# mysql57-server upgrade fails



## ICSRunningFool (Aug 1, 2018)

Periodically I do a portsnap fetch update, portupgrade -a.
This time an upgrade to mysql57-server-5.7.22_2 to5.7.22_3 failed with a linker error. 
If I look at the log files it looks like the failing error is:
pfs_instr.cc.text+0x1247): undefined reference to `__atomic_fetch_add_8'

Currently running 11.2-RELEASE

Confused, where do I go from here ?


----------



## ShelLuser (Aug 1, 2018)

First issue: why build ports in the first place? Do you have any specific need for that (changed settings or such)? Because if you don't then it might be easier to simply rely on binary packages. So: sorting everything out with the pkg command (`# pkg upgrade`).

Second: does /usr/ports/UPDATING mean anything to you? Failure to follow up on that document and perform the actions as listed is often the cause for port builds to go haywire.

Just in case: do you mix ports and packages by any chance? That too could be a possible cause.

When all else fails you could try building the port in a jail. This will ensure that you're working with a clean environment and that can make a difference sometimes.


----------



## ICSRunningFool (Aug 2, 2018)

ShelLuser,
Been to both places first which is why I came here looking for assistance. 

pkg upgrade does not list the mysql57-server update as a possible upgrade when it is run.

Looked in the UPDATING and could not see anything related to mysql57-server or the associated linker error atomic_...  not found. Google gave me some information that leads me to believe that atomic is C++ mechanism to insulate against hardware differences. The computer that I am running this on is NOT a 64 bit computer so I am suspicious, but this has been running for a long time.

Since this update just recently came out, surely I am not the only one with the problem.

Allan


----------



## SirDice (Aug 2, 2018)

ICSRunningFool said:


> pkg upgrade does not list the mysql57-server update as a possible upgrade when it is run.
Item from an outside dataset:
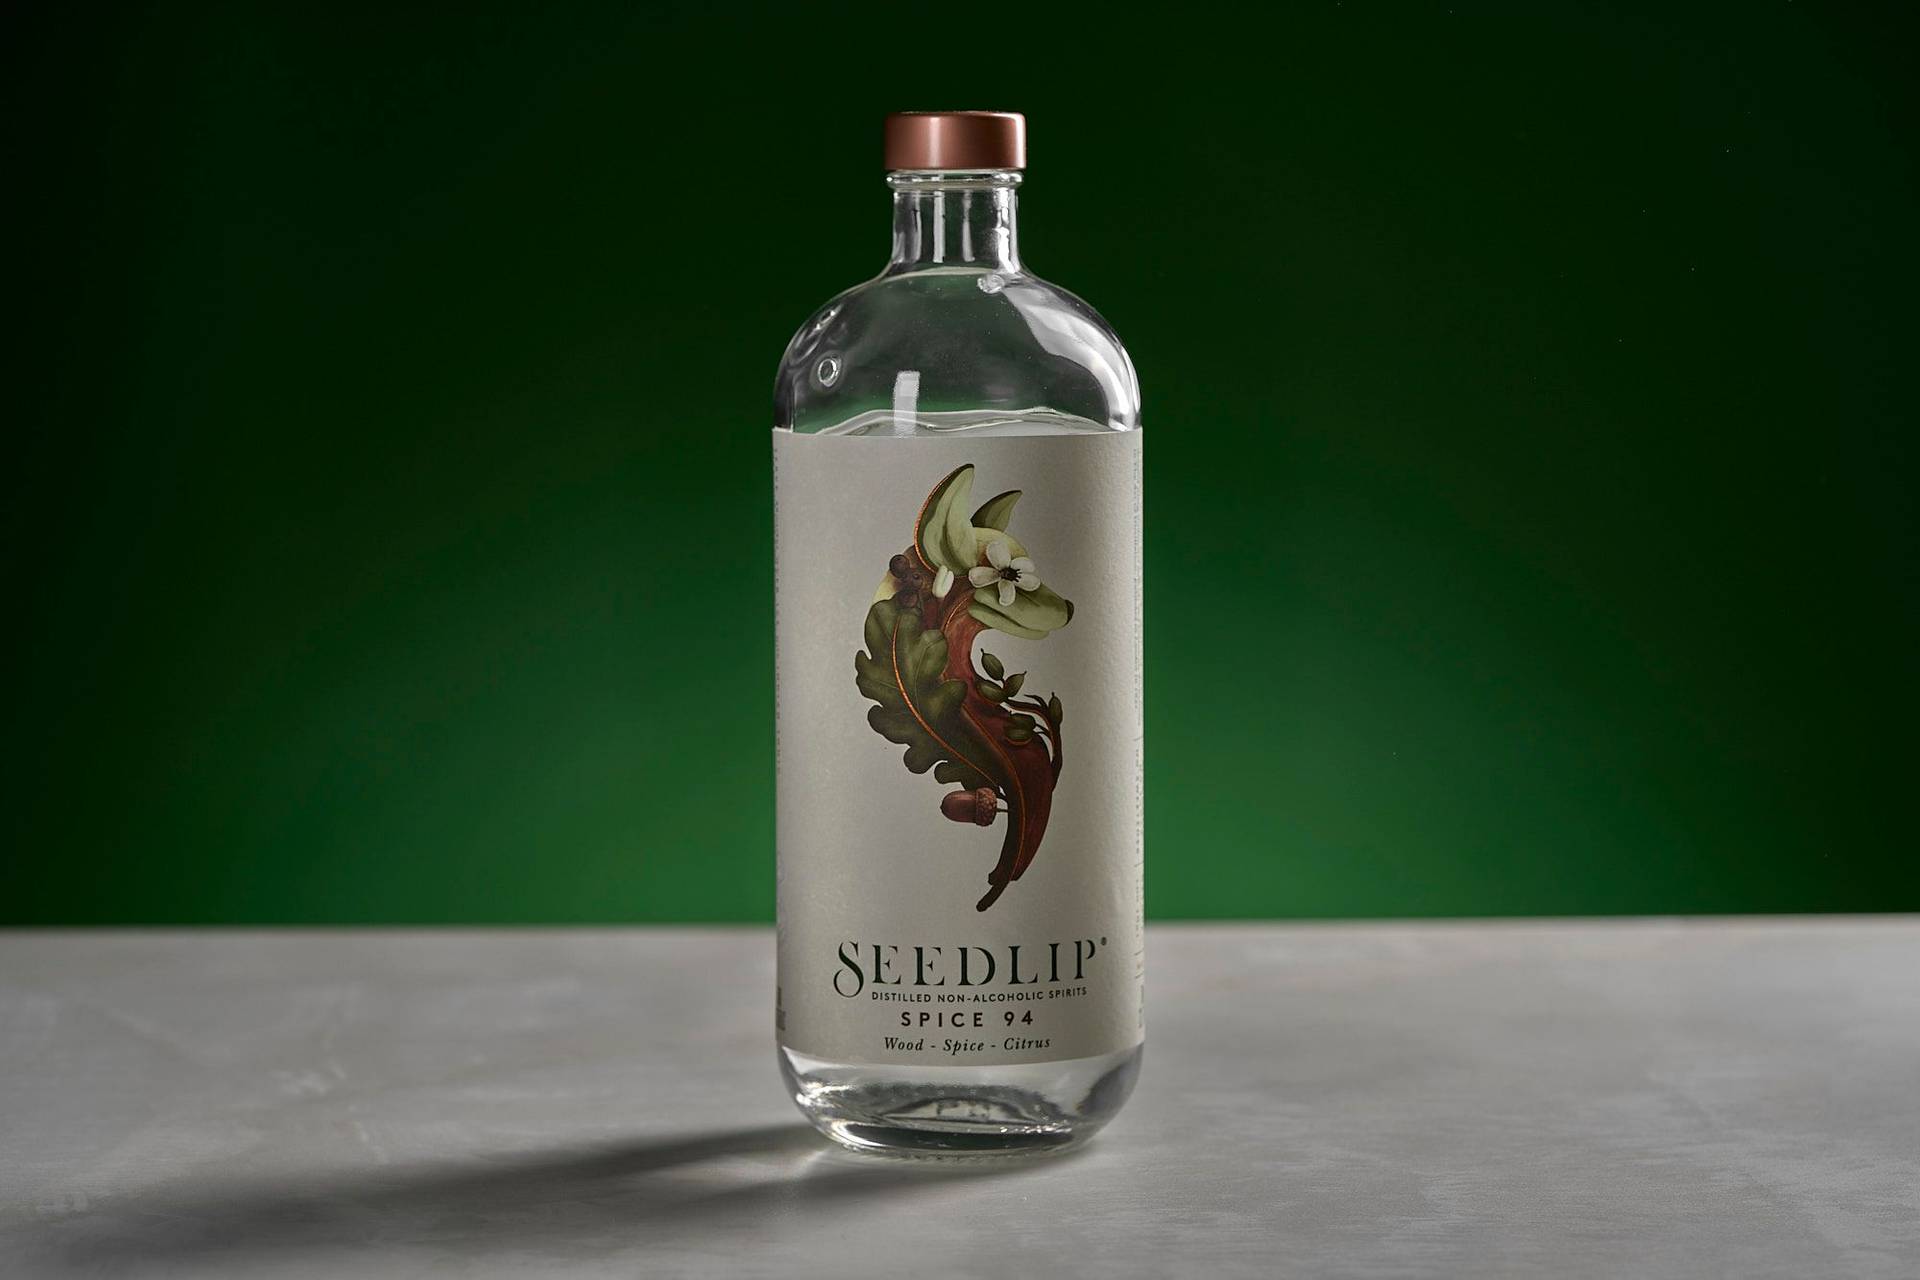 eine flasche alkoholfreies seedlip spice 94 auf weißem sapienstone top mit grünem hintergrund

I suspect you still have the default quarterly repository set. Which should be fine for most people. But if you want to keep it more in line with the current ports tree you may want to switch to the latest package repository instead. If this is a production server you may want to leave it at the quarterly repository though. It has a much lower churn rate but does get security and/or stability fixes.


----------



## ShelLuser (Aug 2, 2018)

ICSRunningFool said:


> Been to both places first which is why I came here looking for assistance.


Does this mean you might have started mixing ports and packages? Because that can definitely become a disruptive factor over time.



ICSRunningFool said:


> pkg upgrade does not list the mysql57-server update as a possible upgrade when it is run.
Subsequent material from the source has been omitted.